For drivers in Taiyuan, those in the team leaderboard treatment generate significantly higher revenue than those in the individual leaderboard treatment (β1β2, P < 0.01 in Table 3, columns 3 and 7) and marginally higher revenue than those in the control condition (64.55 CNY, P < 0.10; Table 3, column 7). It is worth noting that those in the individual leaderboard treatment exhibit a marginally significant reduction in average weekly revenue during the postintervention contest compared to the control group (–60.63 CNY, P < 0.10; Table 3, column 7). Again, we observe no treatment effect for Kunming drivers (Table 3, columns 4 and 8). Based on a theoretical model of individual status contests (56), depending on the properties of the ability distribution function, the aggregate revenue under an individual leaderboard can be lower than that under the control condition, as we observe in Taiyuan. We state our results related to the persistence of our treatment effect below.

Result 2 (treatment persistence):

During the 1-wk postintervention contest, drivers in the team leaderboard treatment work 64 min longer and generate 2.82% higher weekly revenue compared to those in the control group, whereas the individual leaderboard treatment no longer has an effect. The team treatment effects are driven by drivers in Beijing and Taiyuan.

In addition to testing whether teams incentivize individual drivers to generate more revenue, we are interested in whether these individuals are more likely to continue working as drivers. Driver retention is a key challenge for ride-sharing platforms across the globe. As such, an important goal for our intervention is to evaluate the effects of virtual teams on driver retention. Specifically, we hypothesize that drivers who are part of a virtual team are more likely to continue as drivers than those in the control group.

Hypothesis 3

(Retention). Drivers in the team and individual leaderboard conditions are more likely to stay in the platform than those in the control condition both during and after our experiment.

To examine the effect of team membership on driver retention, we measure driver retention 1 wk, 1 mo, and 3 mo after the end of our experiment. Unlike workers in traditional sectors whose departure is unambiguous, gig workers who quit typically do not delete their app, so it is possible that those who have quit driving may still log into the app. Therefore, we use three different retention measures: 1) whether they drive for the platform on a given day, 2) the volume of working hours, and 3) whether they quit before the end of an observation period.
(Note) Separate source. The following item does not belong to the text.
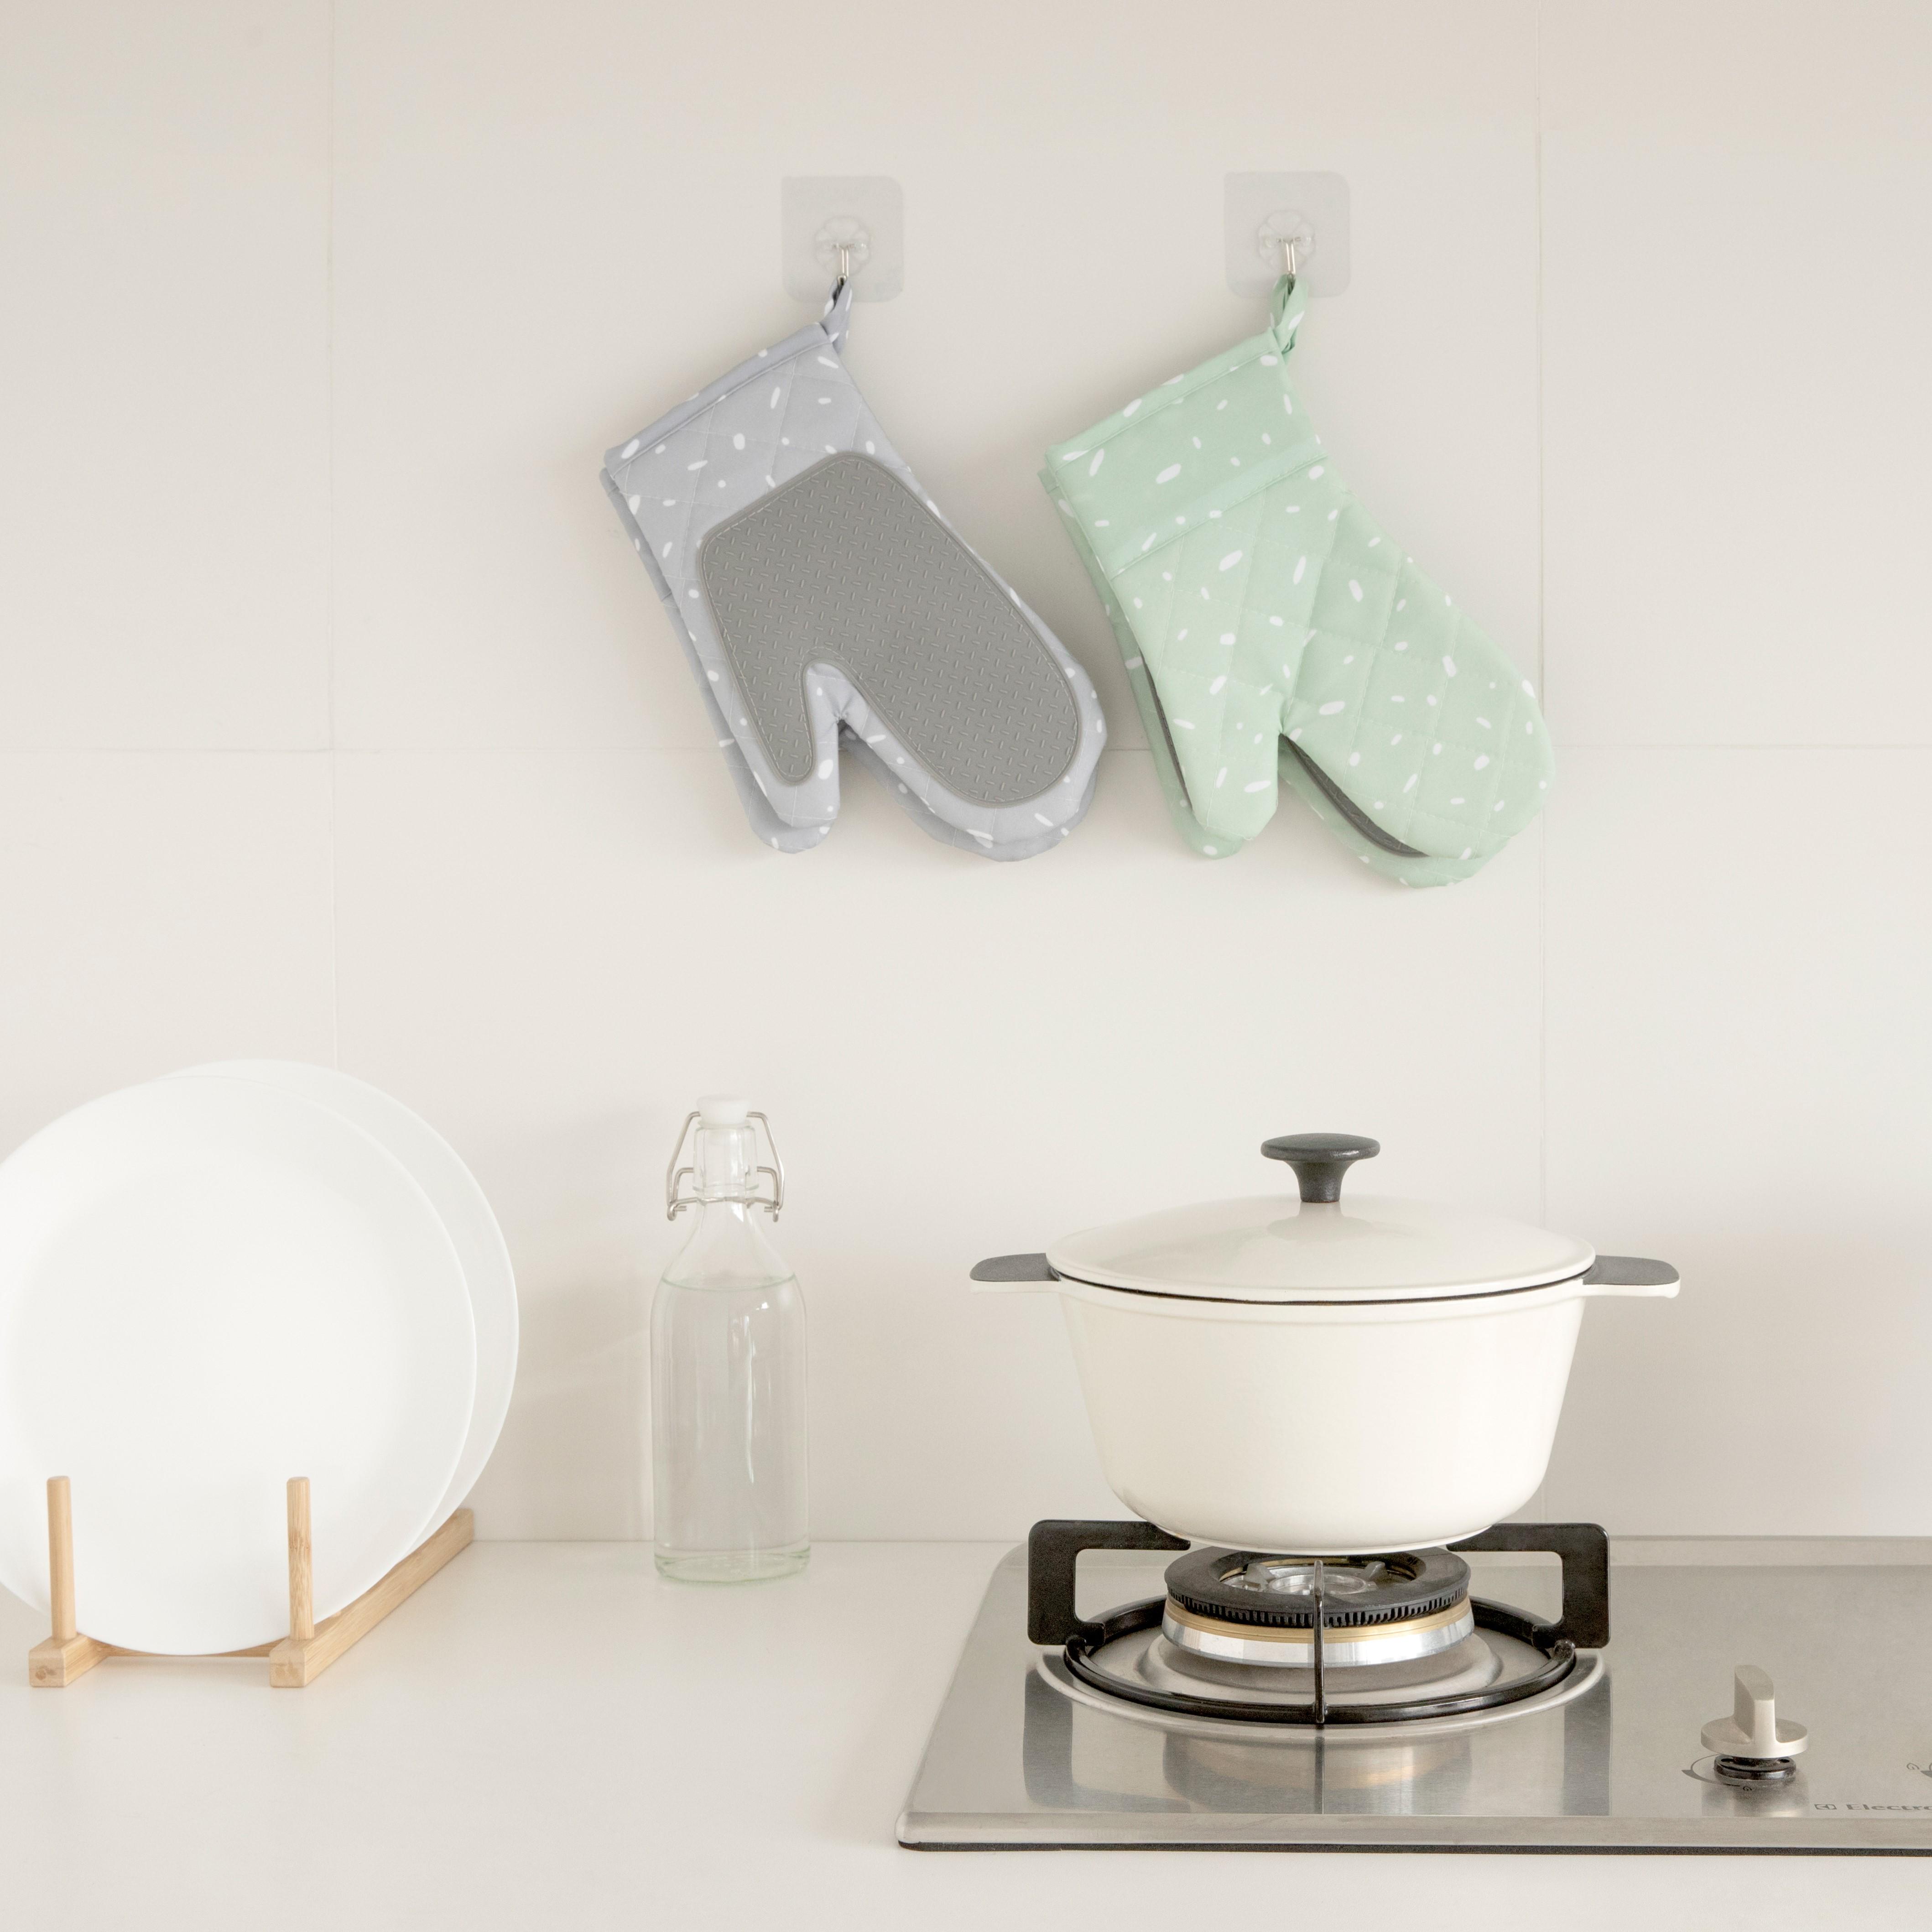 kitchen tools cooking double oven mitt glove colorful oven glove kitchen baking gloves oven mitts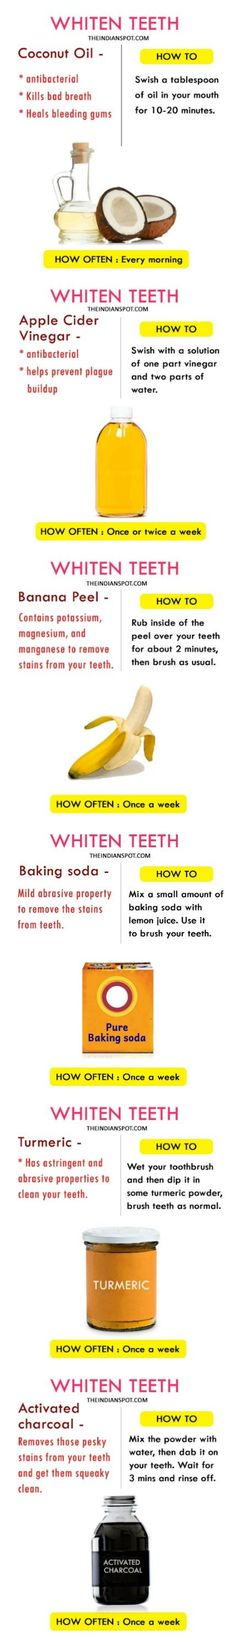 whiten teeth http://reviewscircle.com/health-fitness/dental-health/natural-teeth-whitening/

We present measures 1 and 2 in the main text and relegate measure 3 to SI Appendix, section 7. For the first retention measure, we count the number of days that a driver provides at least one ride and separately analyze retention during the status contest (SI Appendix, Table S15), the week immediately after (SI Appendix, Table S16), 1 mo after (SI Appendix, Table S17), and 3 mo after (Table 4) the postintervention contest.

As shown in SI Appendix, Fig. S4, drivers in the team leaderboard treatment consistently exhibit higher retention than those from either of the other experimental conditions. From Table 4 and SI Appendix, Table S20, we see that drivers in the team leaderboard treatment on average work 0.11 d, or 1.01 h, more than those in the control group in the week 3 mo after the experiment ended (P < 0.05; Table 4 and SI Appendix, Table S20, column 5). Furthermore, we find that drivers in the team leaderboard treatment also outperform those in the individual leaderboard treatment (P = 0.02; Table 4, column 5). The effect size is stable across different time windows, using the number of either working days or hours (SI Appendix, Tables S16–S19). Finally, we observe no significant difference in retention across any of the periods between those in the individual leaderboard treatment and those in the control group except in Kunming (2.02, P < 0.05; column 8 in SI Appendix, Table S20).
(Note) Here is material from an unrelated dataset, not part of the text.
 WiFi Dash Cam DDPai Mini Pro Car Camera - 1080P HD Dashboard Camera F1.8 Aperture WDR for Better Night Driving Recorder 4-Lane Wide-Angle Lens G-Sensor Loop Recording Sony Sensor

Examining our city-level results, Table 4, columns 2–4 shows significant differences in driver retention across cities. Indeed, only in Taiyuan do we see a consistent positive effect of the team leaderboard treatment on retention (0.33 d, P < 0.01 in Table 4, or 3.05 h, P < 0.01 in SI Appendix, Table S20), with a similar significant effect between the team and individual leaderboard treatments (P < 0.01). In Kunming and Beijing, we find a positive albeit insignificant effect of the team leaderboard treatment on retention. As a robustness check, we report treatment effects on the volume of working hours (SI Appendix, Tables S18–S20) and on whether a driver quits in our observation window (SI Appendix, Tables S21 and S22) in SI Appendix, section 7.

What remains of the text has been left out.